На следующий день Эмануэля разбудил робкий, жалобный голос, впивающийся в сердце, как игла, — кто-то пел во дворе; с израненным сердцем слушал он это пение. Взгляд его блуждал по темным еще стенам. Вероятно, было очень рано. Пятеро самых близких ему людей прикорнули где попало, совсем как в подвале во время ночных бомбежек. Эмануэль резко приподнялся, перелез через старшего брата, с которым спал в одной кровати, и подбежал к окну. Выглянул, но певца нигде не обнаружил. Зато он увидел кое-что другое. Посреди двора, возле груды отбросов, стоял человек — не человек, ходячий ворох лохмотьев, который выгребал что-то из мусора и тут же съедал. С ужасом в сердце Эмануэль вернулся на кровать. Прежде чем успел натянуть на себя одеяло, встретился глазами с матерью. Он зажмурился. Притворился спящим. Песня продолжала терзать его.

4

Здесь, в гетто, особенно первое время, каждый выход на улицу был для Эмануэля трагедией, точно так же, как «за стеной», хотя и по другим причинам. Там он боялся чужих глаз, тут — своих собственных. За всю свою жизнь он не встречал столько нищеты, как здесь, на каждом шагу. Большую часть суток люди находились не в набитых до отказа домах, а на улицах, медленно продвигаясь по ним, как в тоннеле. Калеки и нищие шли, протягивая руки, за подаянием. То и дело они пускались в пляс посреди тротуара, пытаясь таким образом избавиться от вшей. Однако во время этих плясок ни на секунду не упускали из виду прохожих, и горе тому, на лице которого появлялась хоть тень любопытства или сочувствия. Тут же все гуртом бросались к нему с протянутыми руками. Древние проклятия низвергались на того, кто не отвечал должным образом на этот жест.

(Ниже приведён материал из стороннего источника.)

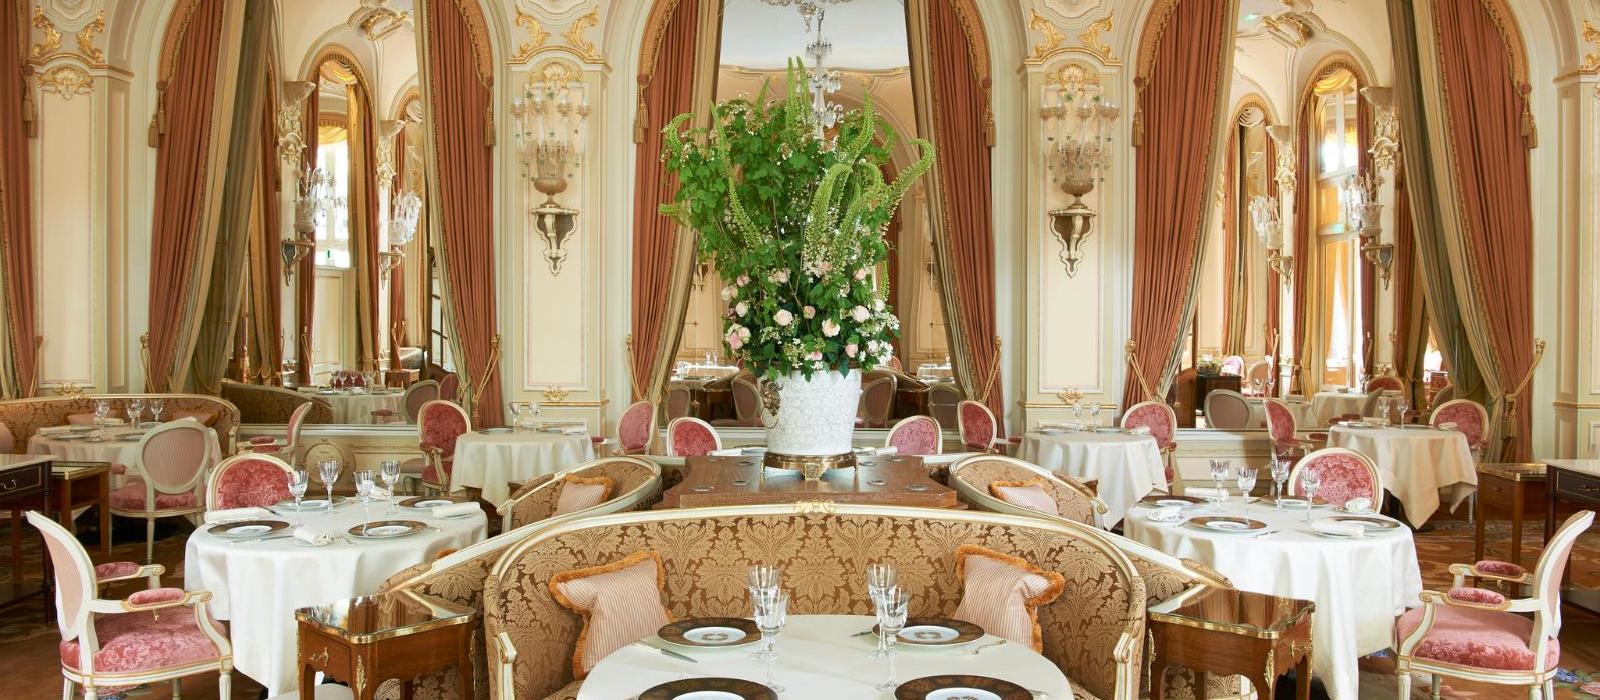 巴黎丽兹酒店(Ritz Paris) L Espadon 餐厅图片  www.lhw.cn
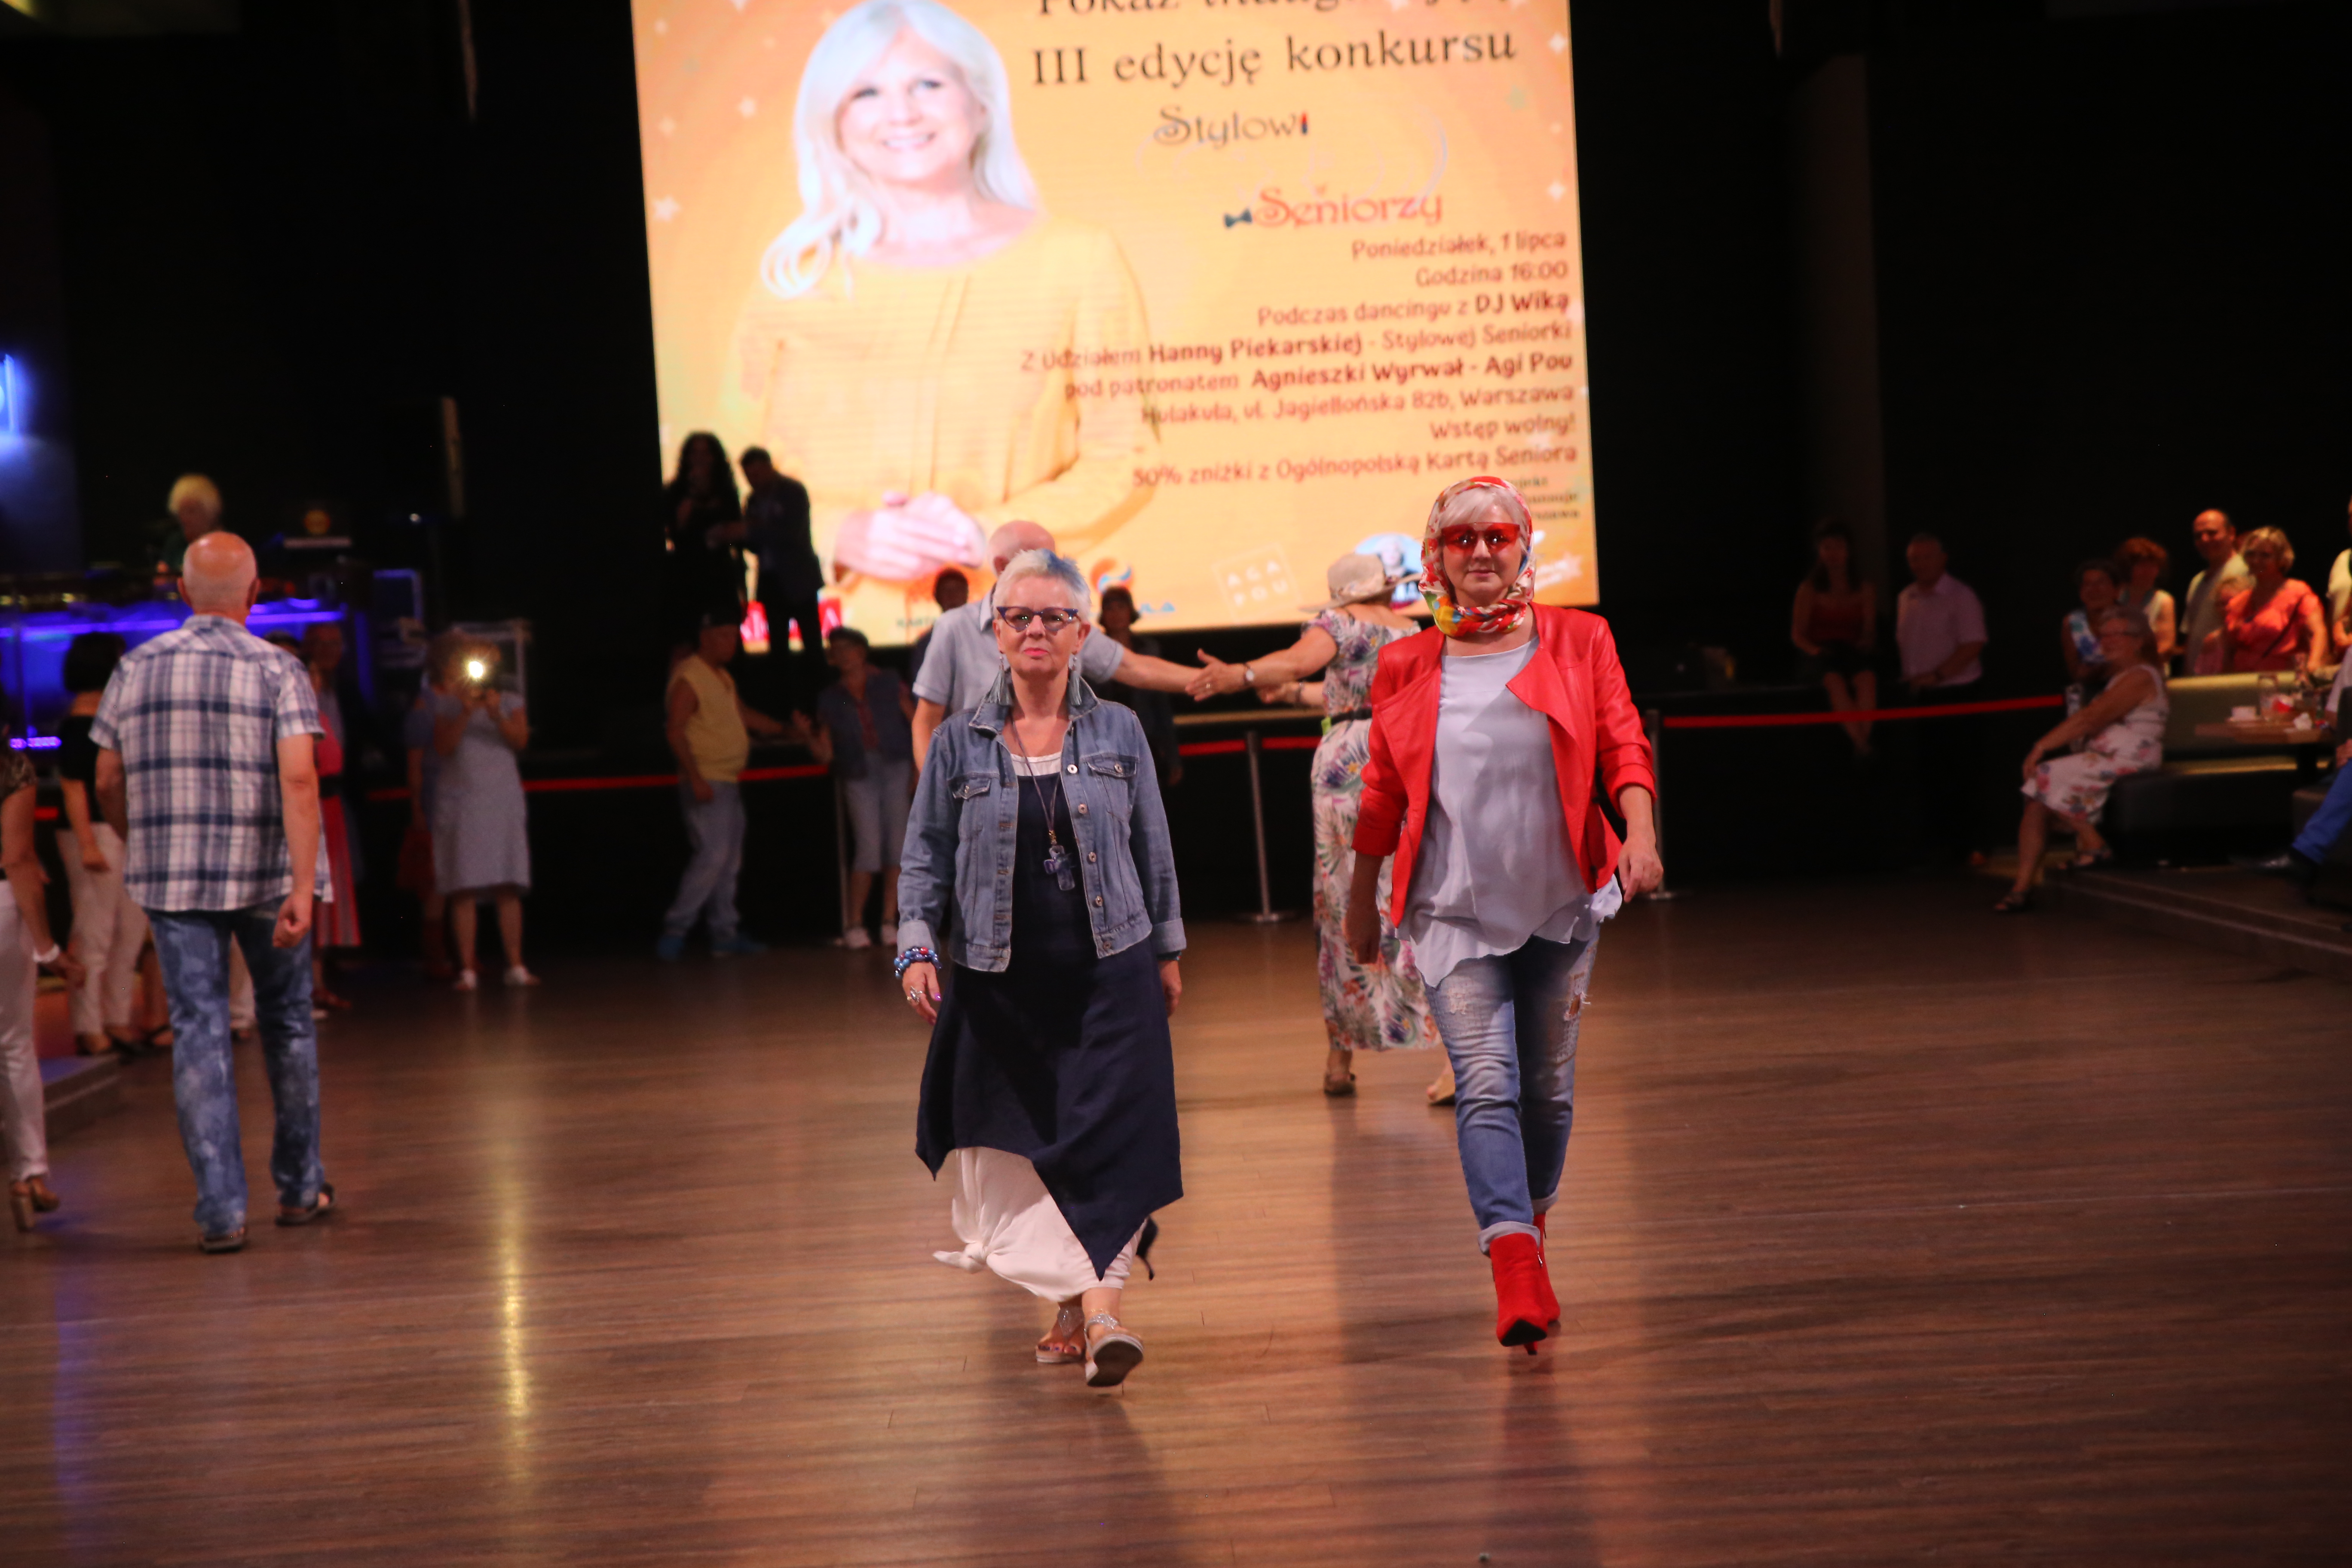 Fotorelacja z pokazu mody inaugurującego trzecią edycję konkursu Stylowi Seniorzy w Hulakula Rozrywkowym Centrum Miasta

Улица рассказывала драматические истории, начало которых следовало искать где-то в другом месте, но финал их разыгрывался именно здесь. Эмануэлю запомнилась выселенная из провинции семья, которая состояла из отца, матери и шестерых детей. Дети лежали в колясочках, родители катили их вдоль обочины и пели старинные песни, вернее, завывали, а малыши подтягивали. Семья постепенно таяла, в конце концов остался только отец с маленьким мальчиком, лежавшим в колясочке. Теперь уже только один он вторил рыданиям отца. Оба ждали смерти.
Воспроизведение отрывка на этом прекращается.